By David in TN
wednesday, june 21, 2023 at 6:19:00 p.m. edt
TCM is showing The Naked City (1948) Friday morning at 9:30 a.m. et. Although grouped in the Noir canon, it was the first police procedural, and spawned a series of pseudo-documentary crime pictures. It had tropes such as the veteran detective (Barry Fitzgerald) and the young partner (Don Taylor), which became standard.
The Naked City was filmed in the summer of 1947 in New York City, and is a time capsule of how it looked and the demographics. The story is supposed to be “dark,” but as in many films of the period, late 1940s New York City looks very civilized.
Mark Hellinger, the producer, narrated with the most famous line, (“There are eight million stories in the Naked City. This has been one of them”). Hellinger died at 44, of a heart attack, right after seeing the final cut.
Some film historians and reviewers have said the climax takes place on the Brooklyn Bridge, but there is a sign reading “Williamsburg Bridge.”

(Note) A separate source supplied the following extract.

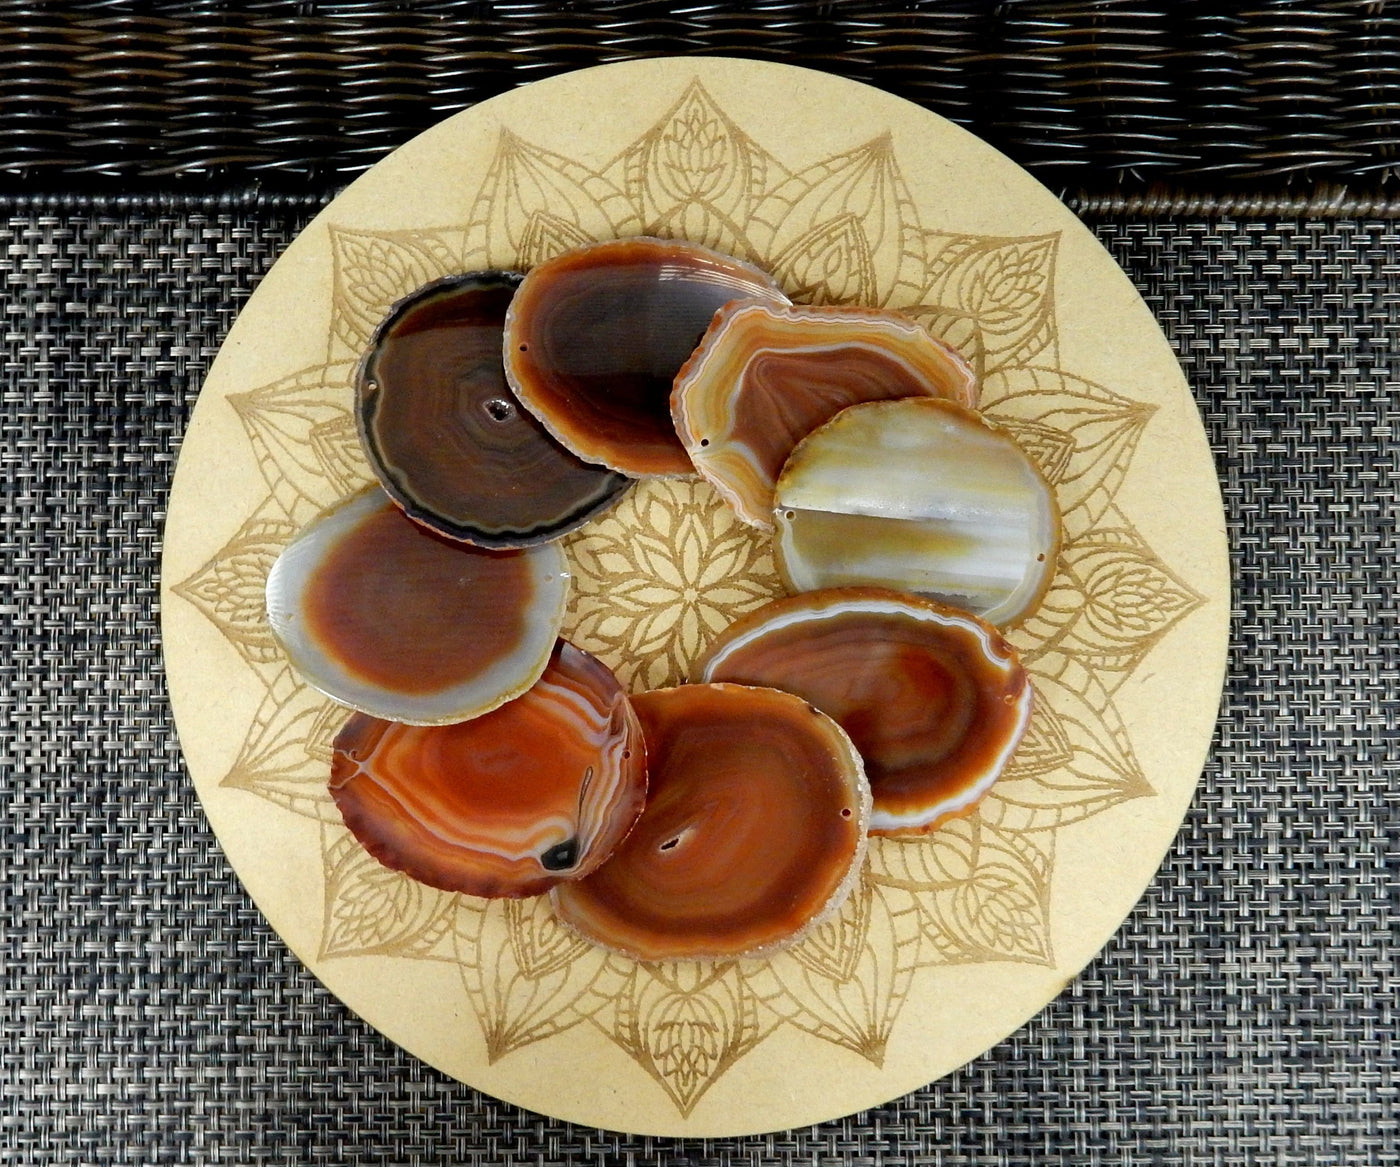 red/orange agate slices being displayed on a wooden grid.

N.S.: Since the best crime pictures TCM broadcasts are rarely programmed by Red Eddie Muller, I see only two possible, complementary explanations for this practice: Out of his own aesthetic and moral perfidy, Muller deliberately schedules bad or mediocre movies, and/or someone at Turner makes a point of compensating for Muller’s bad taste, by scheduling great crime pictures for slots that Muller does not control. Thus, you see pictures like Raoul Walsh’s gangster masterpiece, The Roaring 20’s (1939), John Boorman’s classic neo-noir (post-1960), Point Blank (1967), William Friedkin’s The French Connection (1971) and The Naked City under the auspices of a different, nameless producer, who surely gets paid a fraction of what Red Eddie gets.